Veridium’s Distributed Data Model Preserves the Privacy of Biometric Data
Our distributed model relies on decomposing biometric data into two files such that the original data can only be revealed when the two constituent files are simultaneously available. These two constituent files are hereafter referred to as “sheets.”
During the enrollment process, the private biometric data (the secret that has to be protected and de-identified) is acquired by a trusted entity. In this case, the user’s smartphone. Next, the biometric data is decomposed into two sheets and the original data discarded. One of these sheets is then transmitted and stored on the trusted server, while the other is stored in the smartphone’s secure storage space. During the authentication process, the trusted entity (in this case the server) sends a request, and the corresponding sheets are transmitted to it. Then the sheets are overlaid (superimposed) to reveal the private data and sent to the matching module. Once the matching score is computed, the revealed private data is discarded, and only a historic record of the authentication is retained, and the identity of the user is never revealed to either system.
One important piece is that the user maintains ownership of one of the sheets (a part of the secret). This minimizes information leakage and improves privacy since the user controls the collection, storage, and usage of the biometric information. Moreover, the biometric image can be reconstructed with a simple binary operation. Therefore, the model avoids the design of complicated decryption and decoding routines, unlike classical watermarking, steganography, or cryptosystem approaches. This makes our approach an appropriate de-identifying method for mobile devices, thanks to the simplicity of the decryption process.

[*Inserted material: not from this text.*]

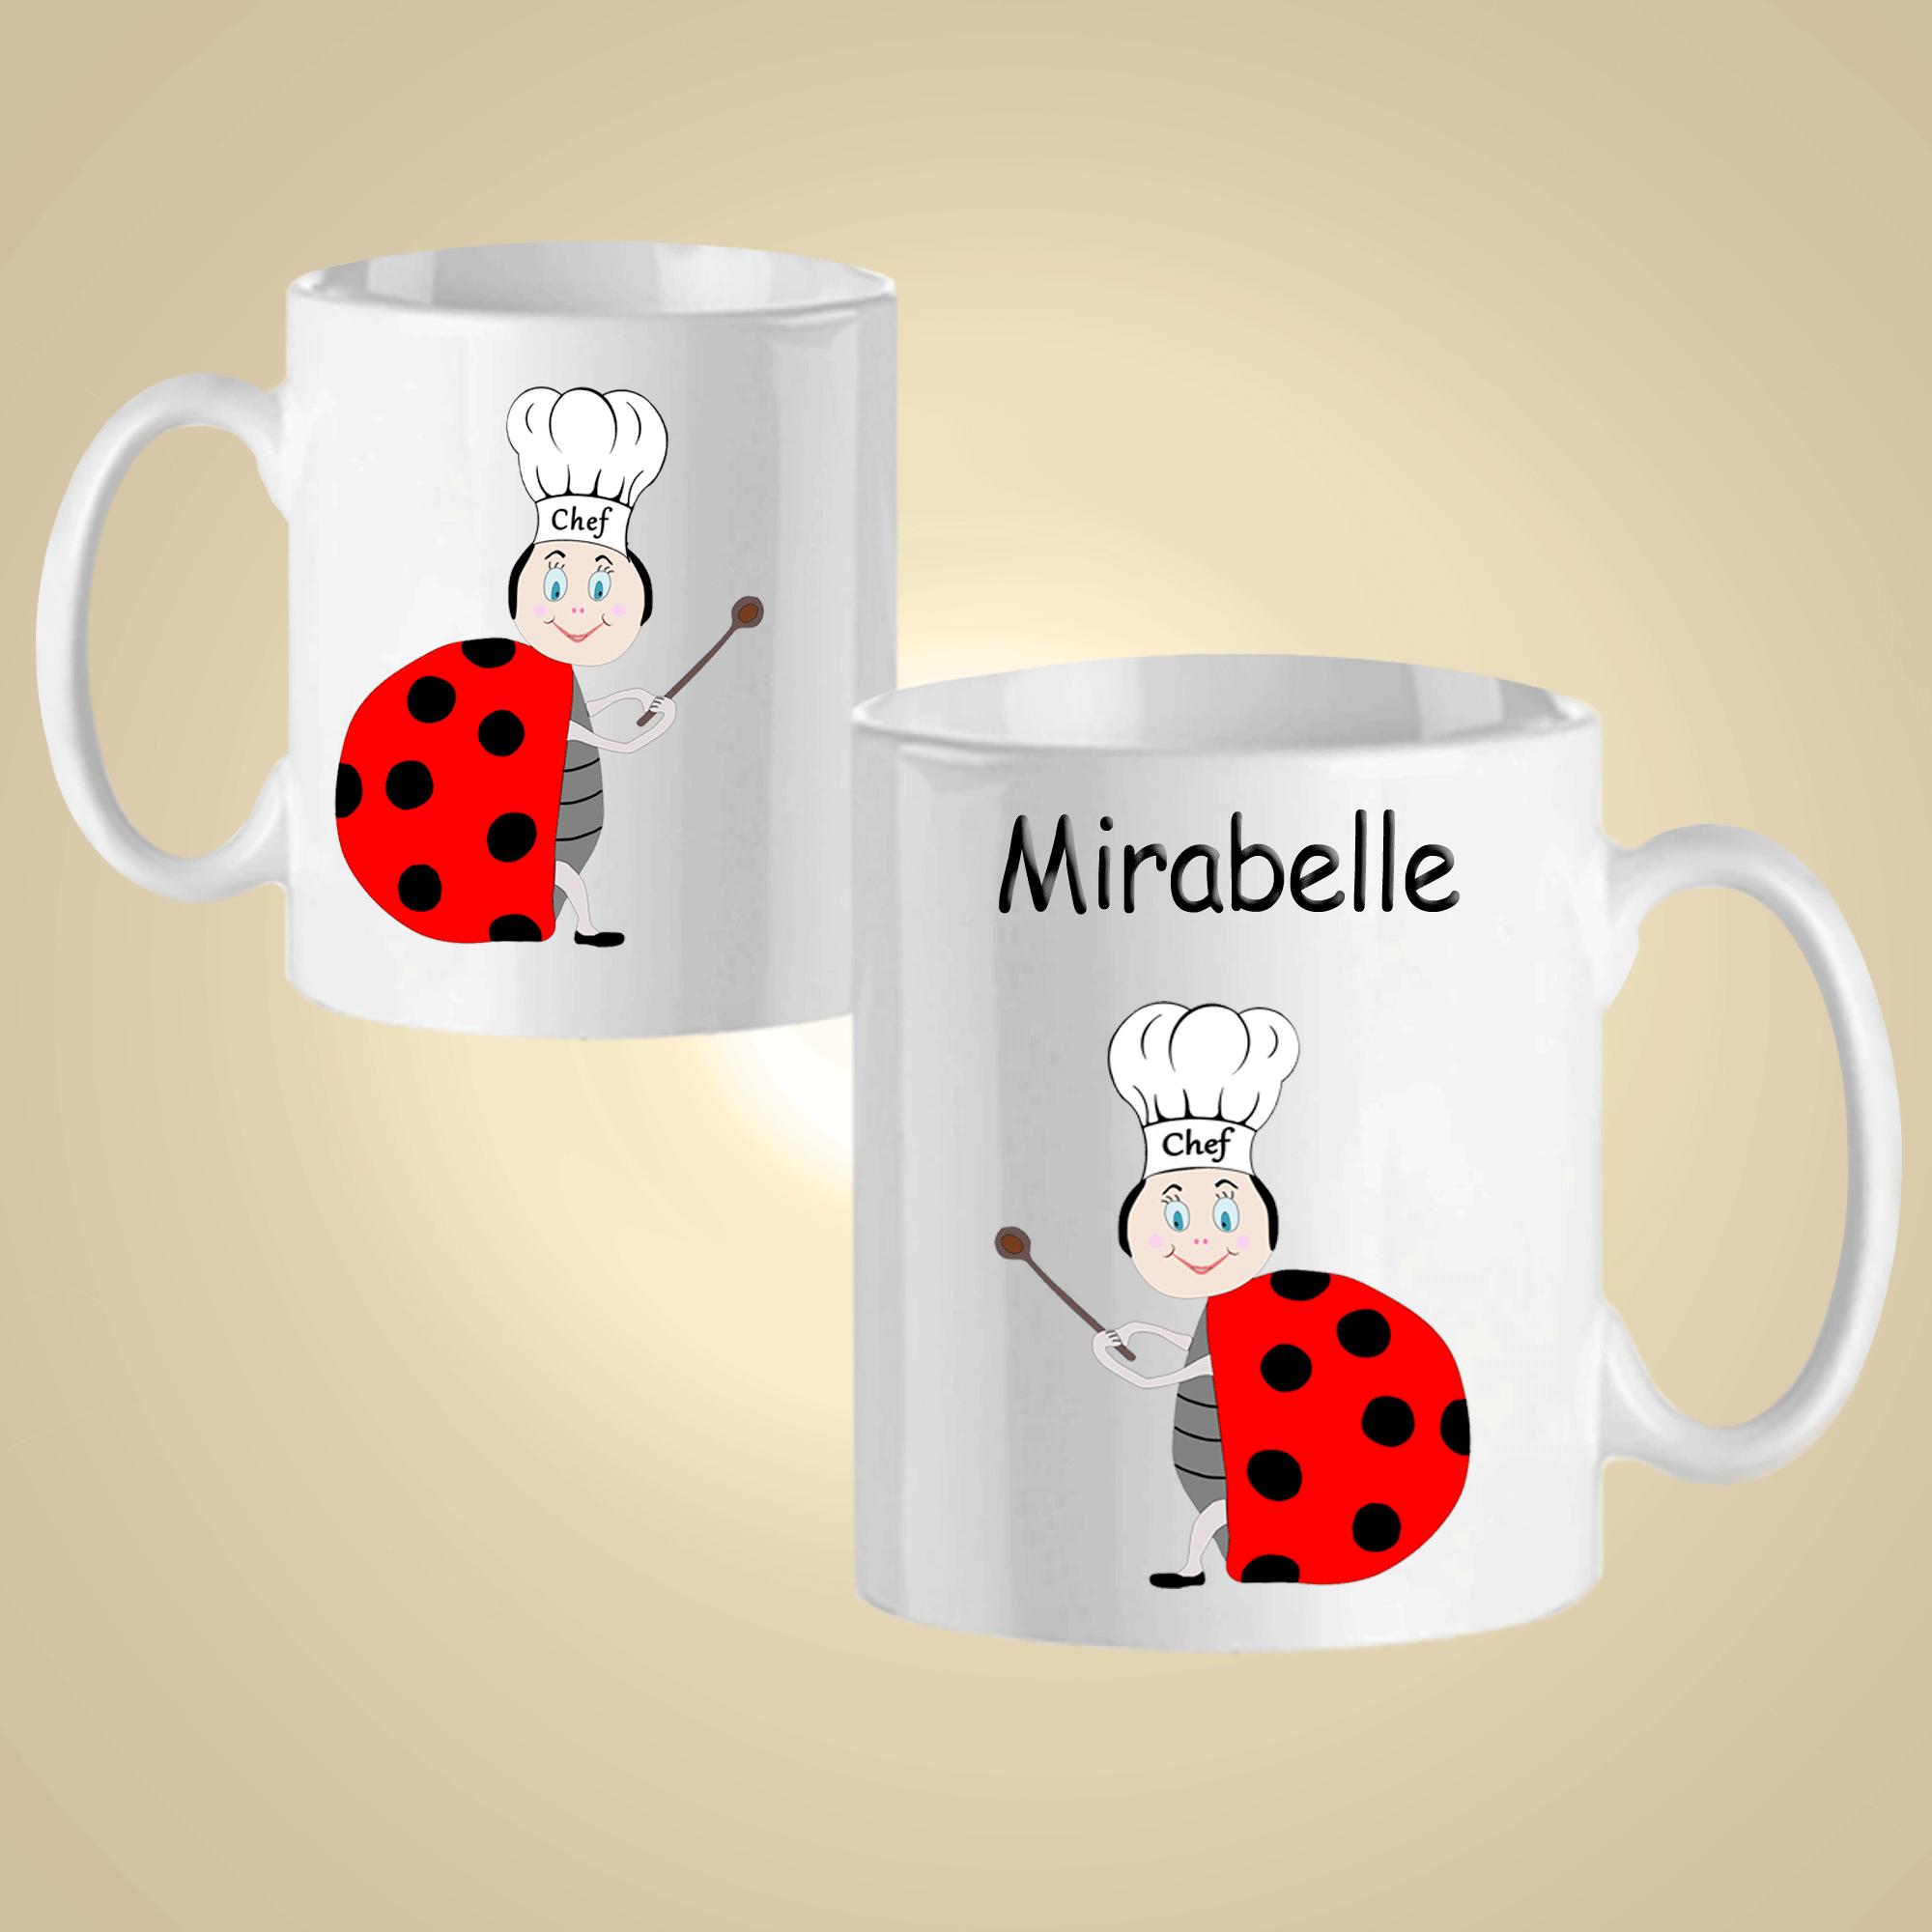 mug-coccinelle-prenom-personnalisable-personnalisation-personnalise-blanc-ceramique-tasse-cuisine-cuillere-animal-insecte-bete-a-bondieu-mirabelle

Simplified Security with Visual Cryptography
In order to accomplish this, we utilized Visual Cryptography. This novel approach eliminates some of the riskier elements of traditional cryptographic methods, such as the creation of private and public keys and the communication of certificates. It also provides the following merits: a) It’s more universal if compared by cryptosystems or other de-identifying techniques because it can be used to de-identify any form of data from different biometric traits system without the need to be customized, b) this protection of biometric data comes without any influence to the overall performance, and c) this approach ensures that the biometric data is protected from data breaches, providing peace of mind for the end user that their biometric cannot be easily compromised, and enhancing the storage architecture to eliminate misuse of the data. The hypothesis that the biometric data cannot be revealed from either of the sheets has been proven both theoretically and experimentally.
Visual Cryptography was originally developed by Moni Naor and Adi Shamir for the visual sharing of images and pictures. An image is literally broken up into two or more different pieces, with the pixels randomly distributed between the two to create a random pattern of various shades of color. This makes it so one image provides zero information about the original. However, when the pieces are superimposed, the overlapping pixels reform the original picture. The same concept, when combined with computer vision technology, can allow for the digital encryption of biometric templates to various files in such a way that the original data can only be revealed when both sheets are brought back together. Further, each sheet does not reveal the identity of the original data, ensuring privacy and security at the same time.